**SUPPLIED MATERIAL**
>>>>

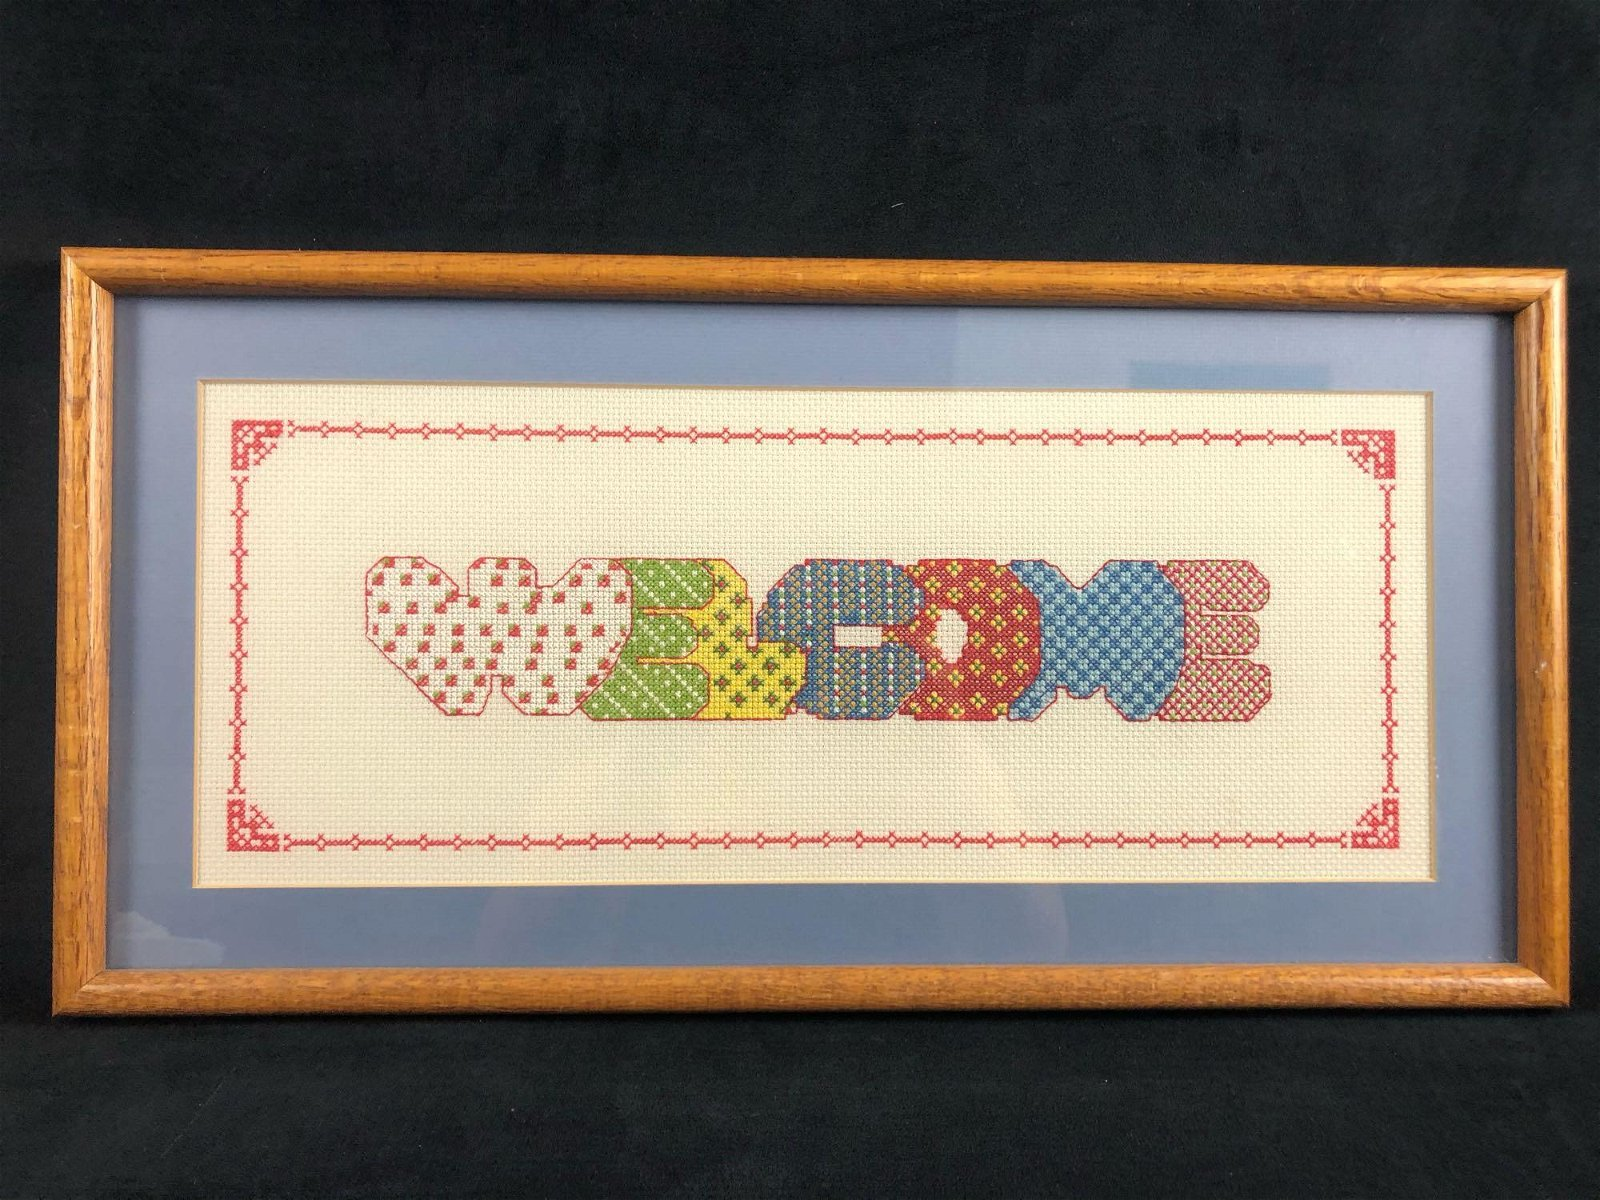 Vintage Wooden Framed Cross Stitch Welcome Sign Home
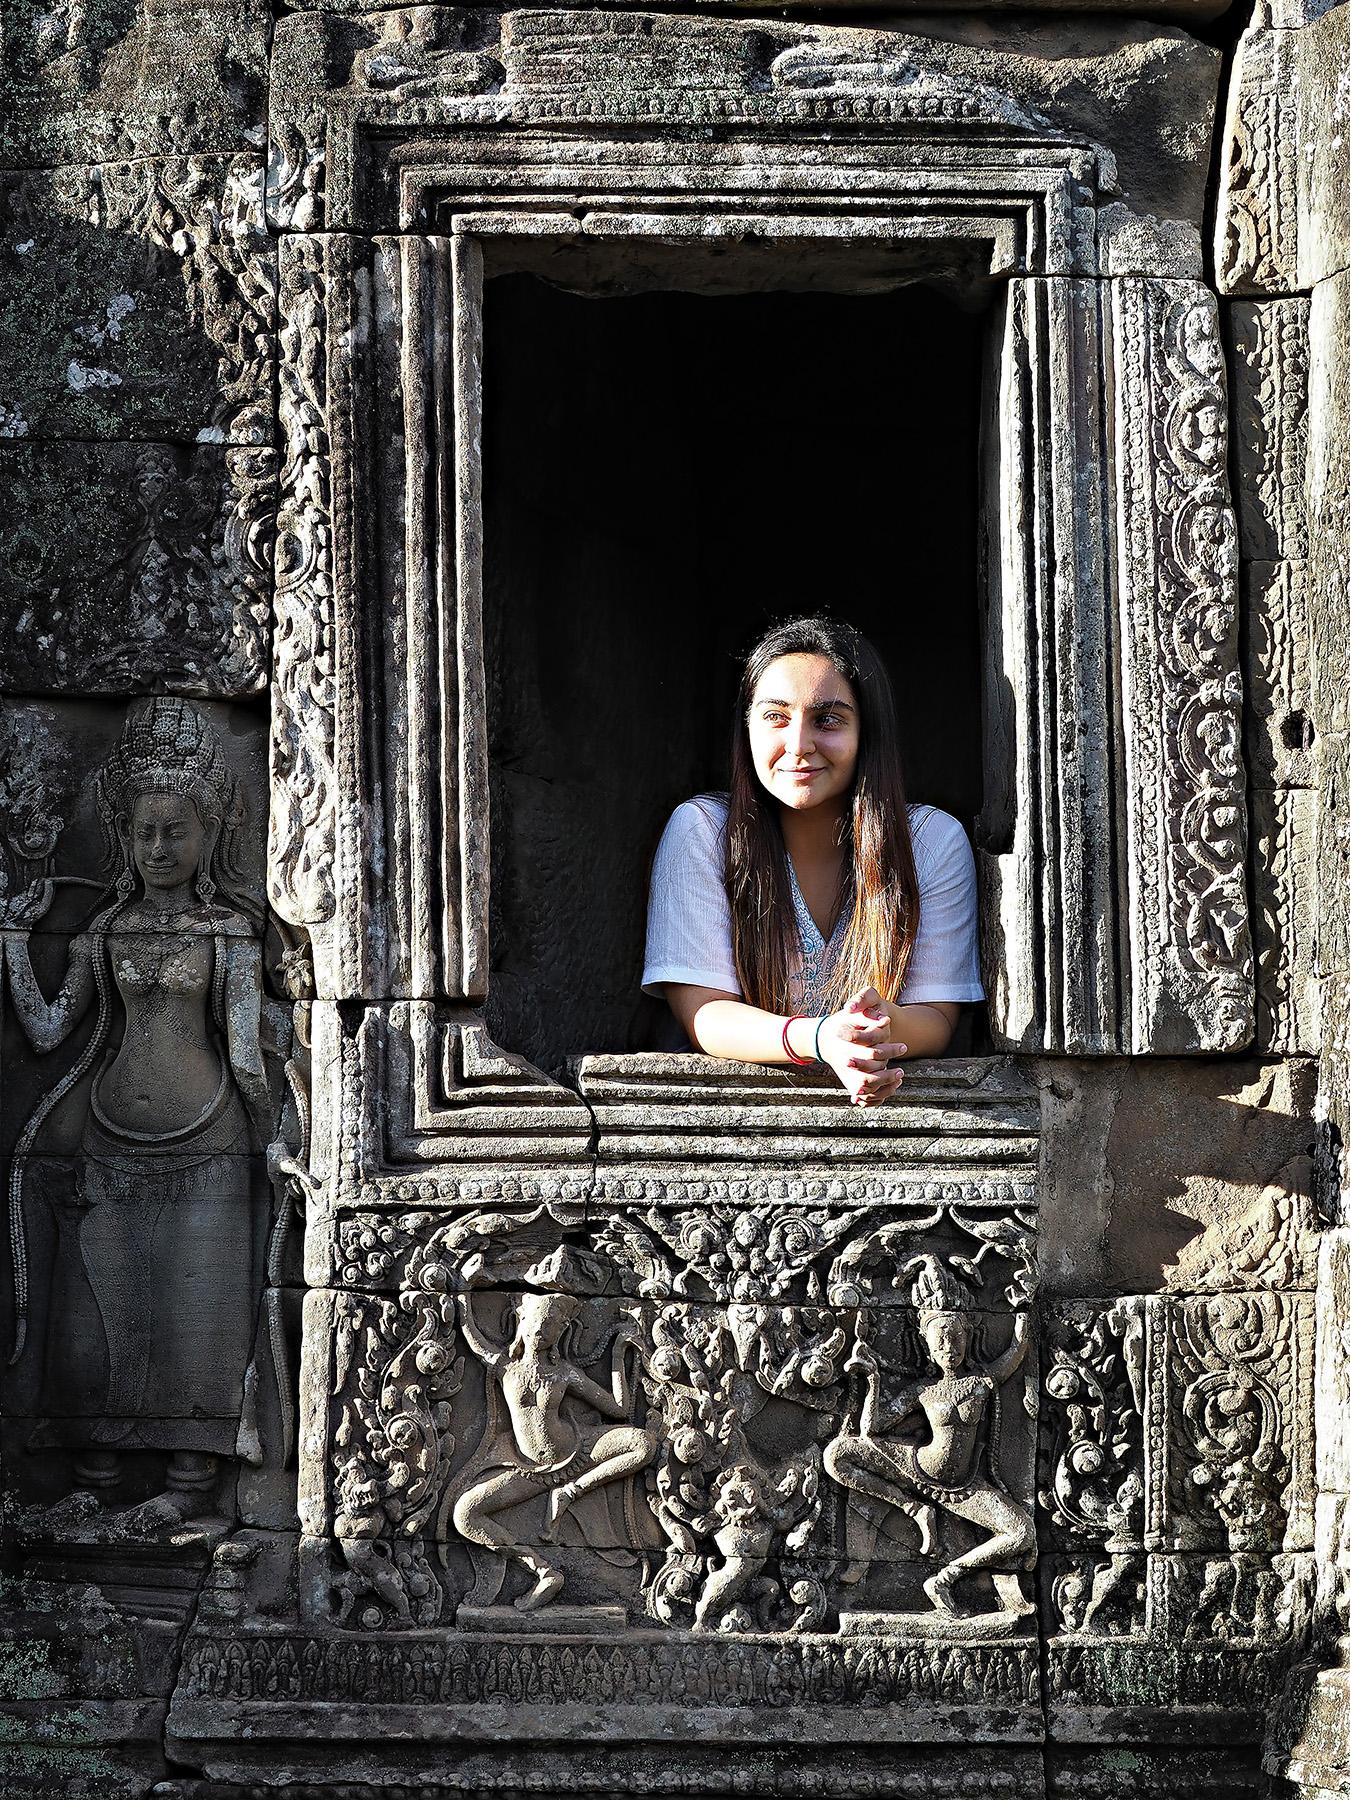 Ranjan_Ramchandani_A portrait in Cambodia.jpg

<<<<
>>>>

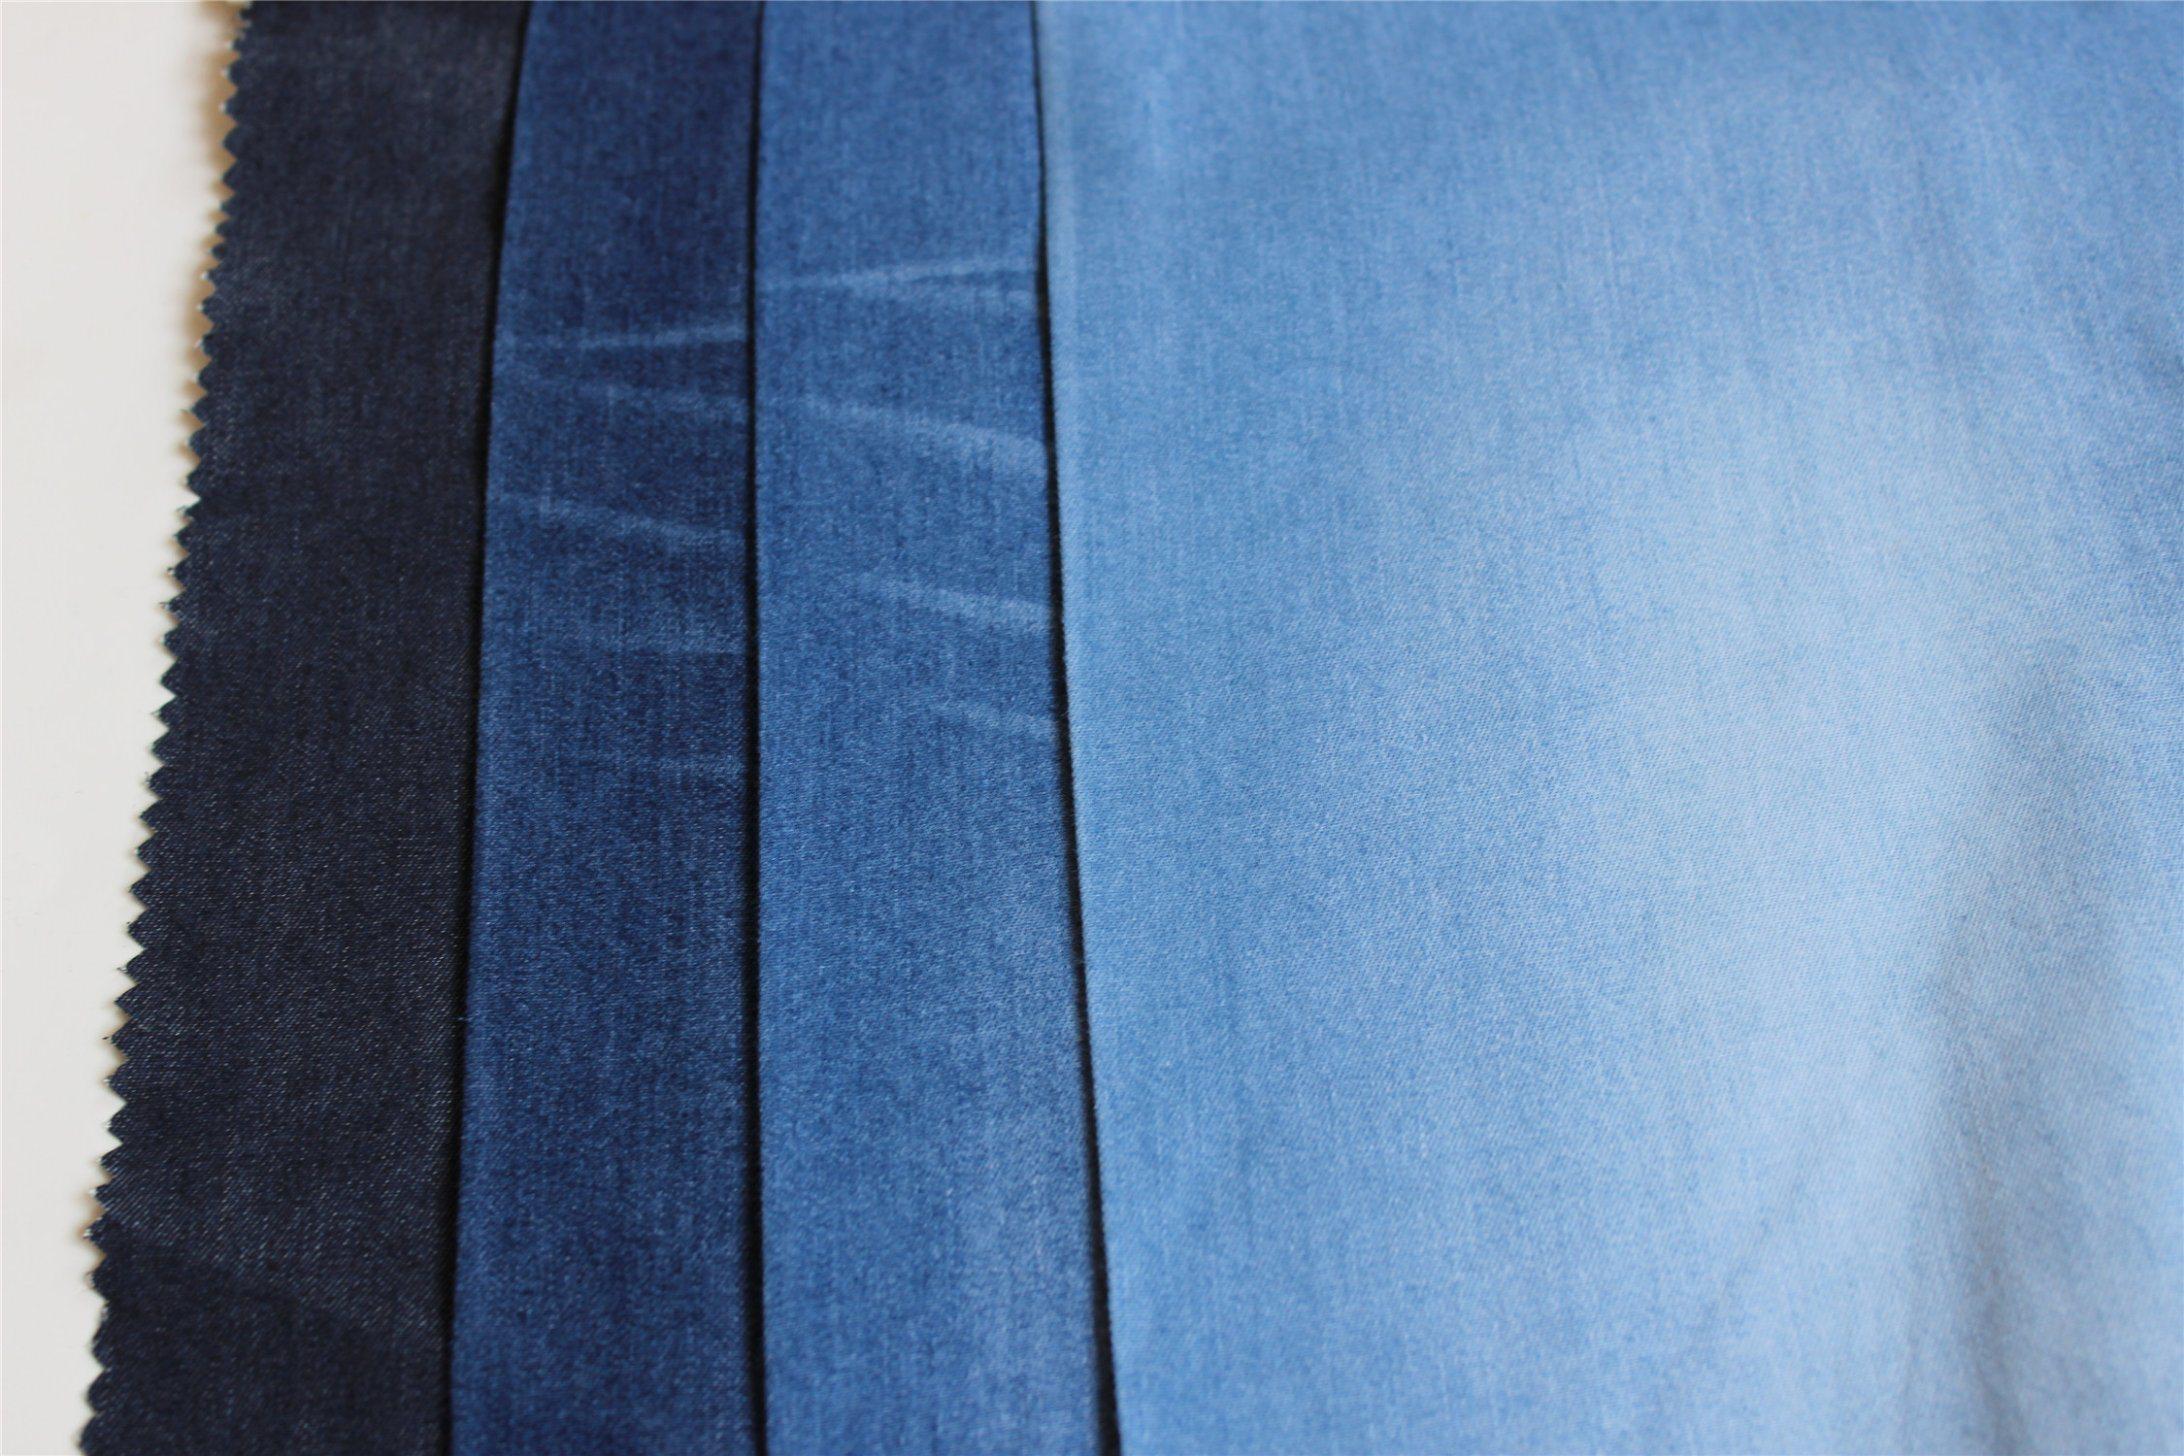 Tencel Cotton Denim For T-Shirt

<<<<
>>>>

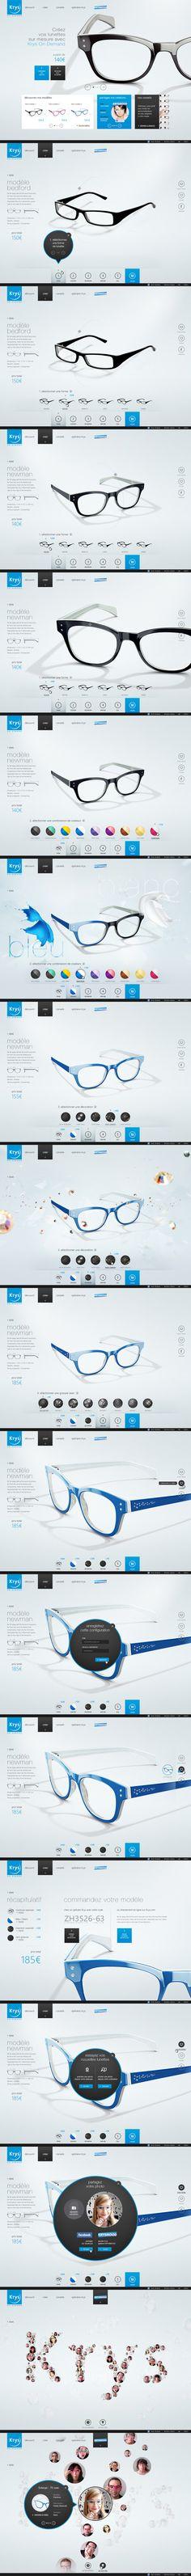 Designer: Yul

<<<<

Repeat exactly the lines above, from the line that contains "Vintage Wooden Framed" down through the line that contains "Ranjan_Ramchandani_A portrait in". Include both of those lines and none of the pictures.

 Vintage Wooden Framed Cross Stitch Welcome Sign Home
 Ranjan_Ramchandani_A portrait in Cambodia.jpg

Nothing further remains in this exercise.